将变量从Javascript传递到PHP并返回

Question

The console ends up writing back

Uncaught ReferenceError: provhtml is not defined

Also, when I change up my Javascript to be the code right below, the console ends up just writing " <?= $provhtml ?> "

var provnum = "<?= $provhtml ?>";
console.log(provnum);

I'm not exactly sure what the problem is.
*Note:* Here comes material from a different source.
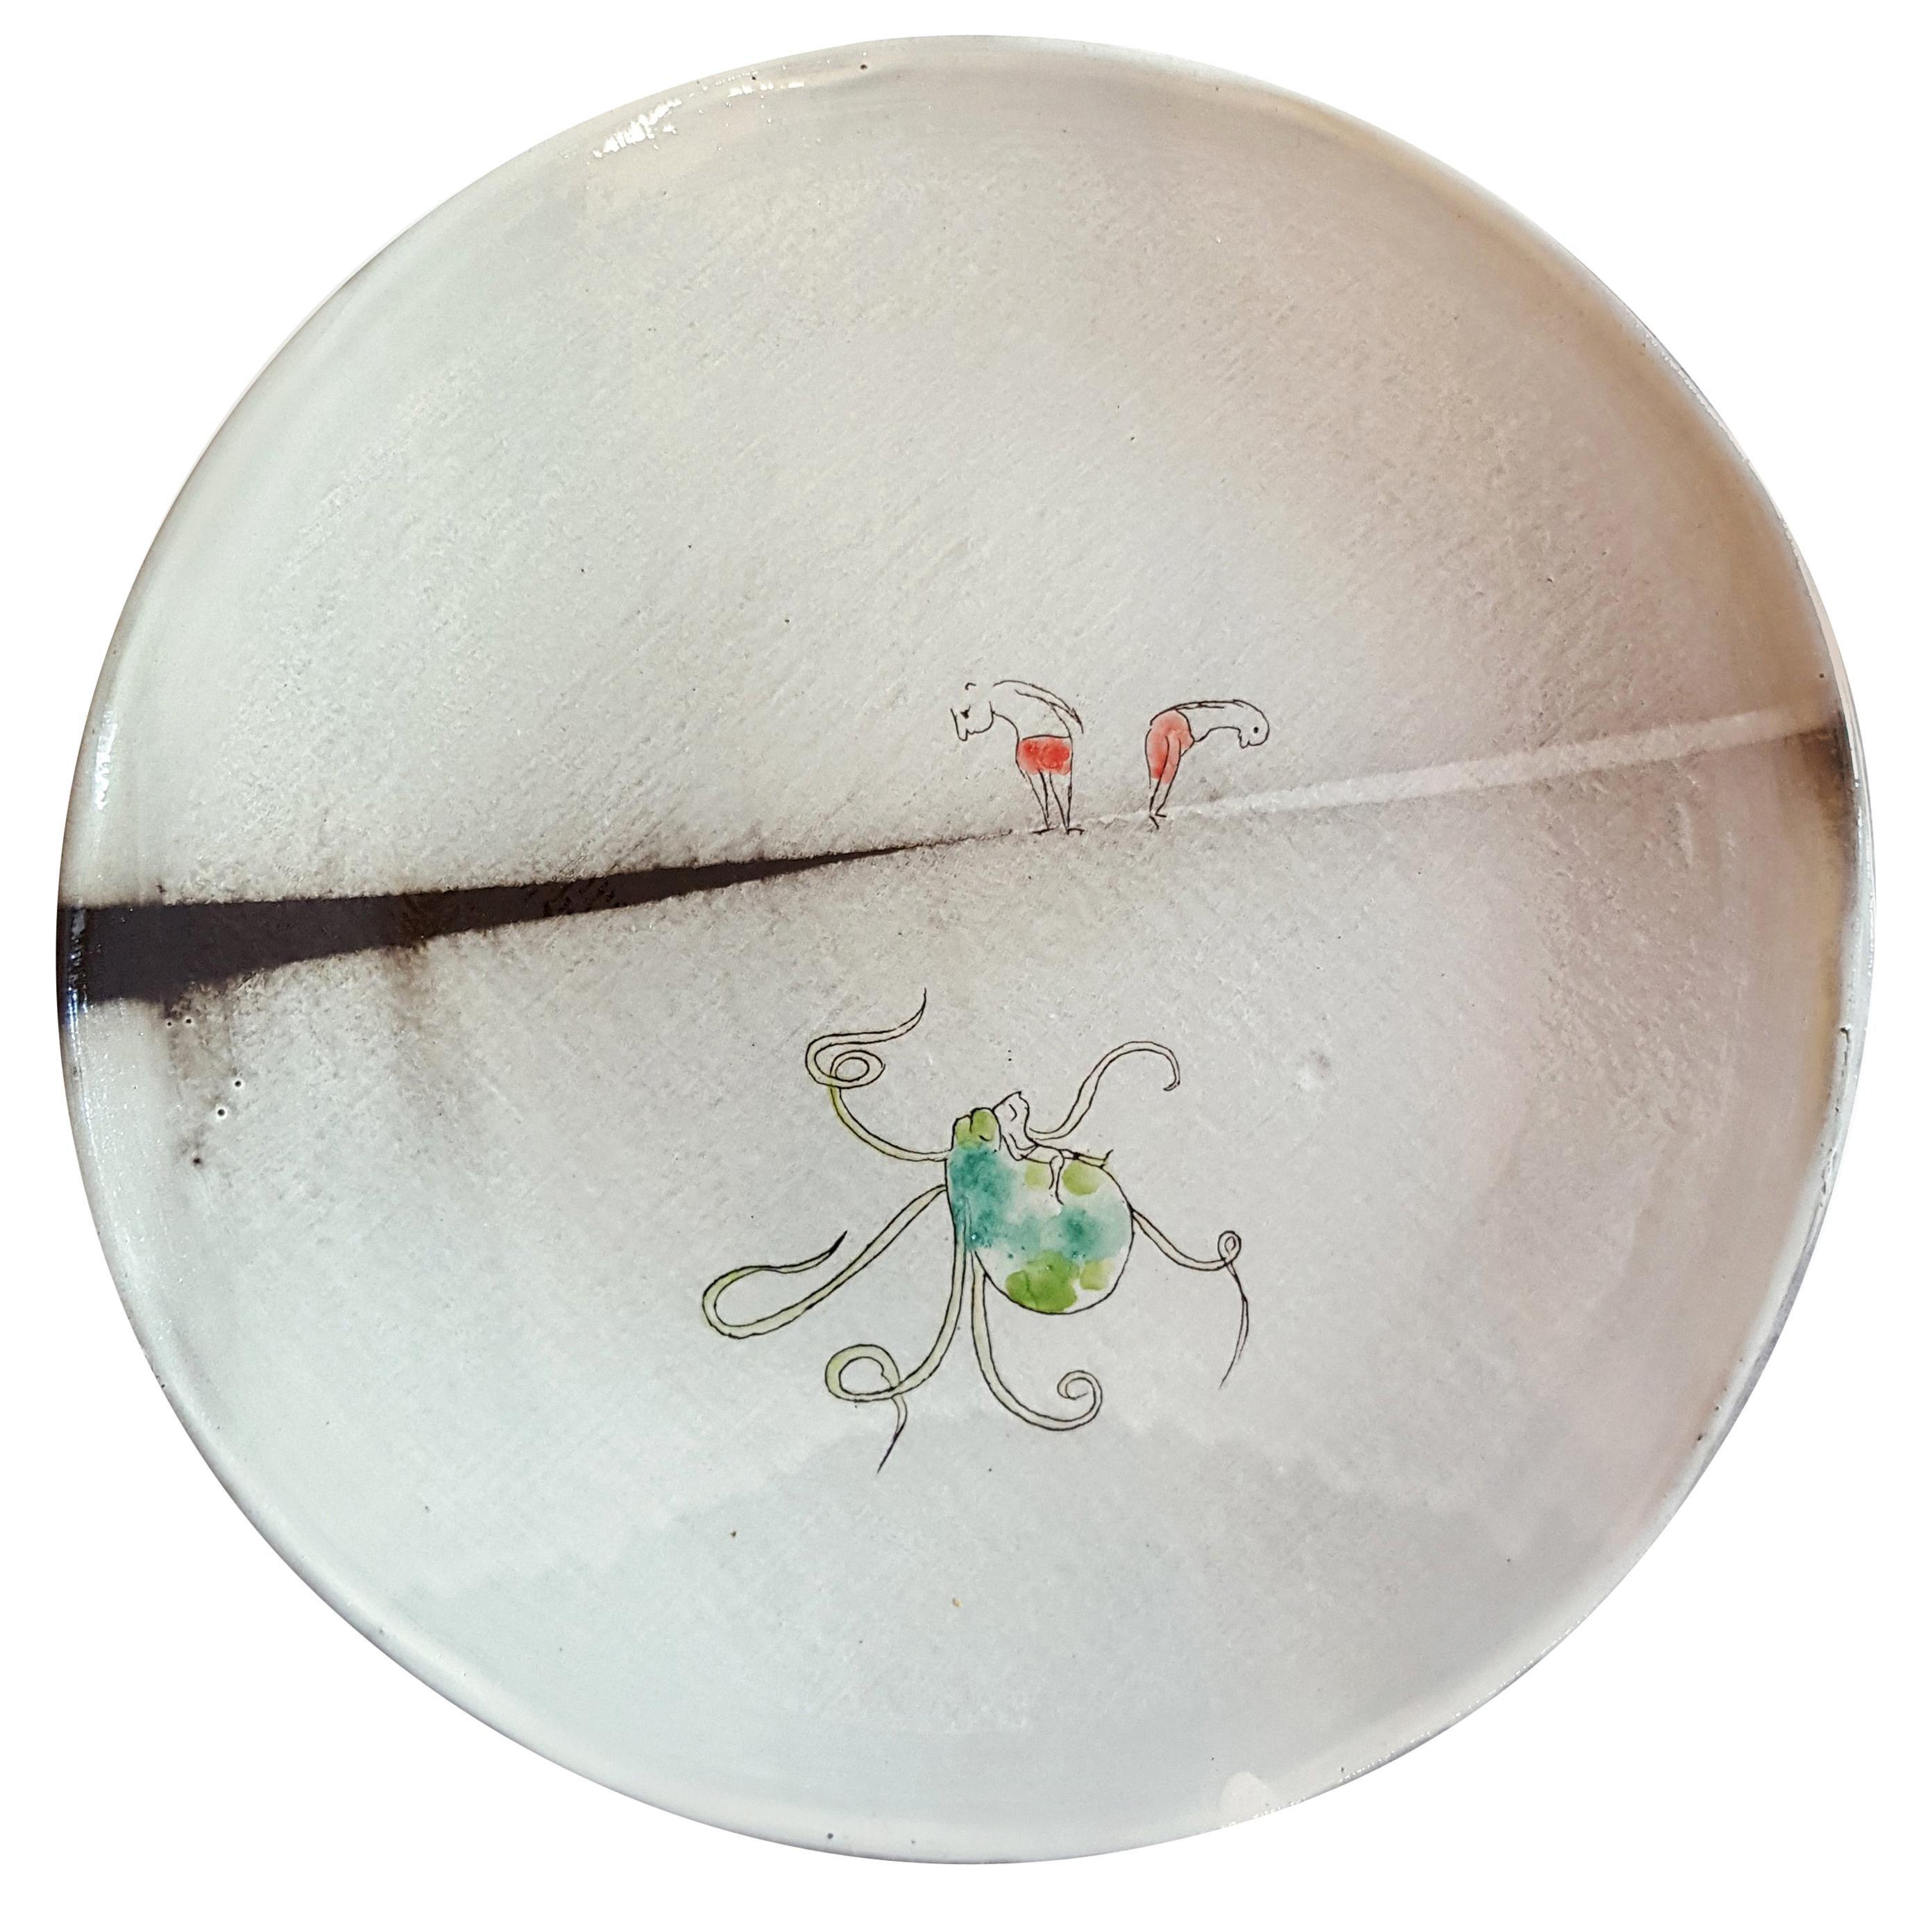 Unique French Artist's Ceramic Dinner Plates

I want $provhtml to be written inside the console when a user clicks a button named otherlistbut (I'm also not sure if there needs to be the d.preventDefault(); Here is my prov.php

<?php    
$phonenum = $_POST["phonenum"];
$provhtml = file_get_contents('http://api.data24-7.com/v/2.0?user=USERNAME&pass=PASSWORD&api=C&p1=1' . $phonenum);   
 ?>

Here are my scripts in my index.html

   $('button[name="otherlistbut"]').click(function(d) {
        lookupProvider(d);

    });
});

/************ FUNCTIONS ******************/

function lookupProvider(d) {
    d.preventDefault();
    var phonenum = $('input[name="phonenum"]').val();
    $.ajax({
        type: 'POST',
        data: {
            phonenum: phonenum
        },
        url: 'prov.php',
        success: function(data) {
            var provnum = $(provhtml);
            console.log(provnum);
        },
        error: function(xhr, err) {
            console.log("readyState: " + xhr.readyState + "\nstatus: " + xhr.status);
            console.log("responseText: " + xhr.responseText);
        }
    });
}

Answer 1

In your prov.php file

<?php    
$phonenum = $_POST["phonenum"];
$provhtml = file_get_contents('http://api.data24-7.com/v/2.0?user=USERNAME&pass=PASSWORD&api=C&p1=1' . $phonenum);   
echo json_encode( array( "phonenum" => $phonenum,"provhtml"=>$provhtml)); //You should be returning the values to your ajax function
 ?>

In your index.html

function lookupProvider(d) {
    d.preventDefault();
    var phonenum = $('input[name="phonenum"]').val();
    $.ajax({
        type: 'POST',
        data: {
            phonenum: phonenum
        },
        url: 'prov.php',
        success: function(data) { //Receives the data from the php code
            var provnum = data.phonenum;
            console.log(provnum);
        },
        error: function(xhr, err) {
            console.log("readyState: " + xhr.readyState + "\nstatus: " + xhr.status);
            console.log("responseText: " + xhr.responseText);
        }
    });
}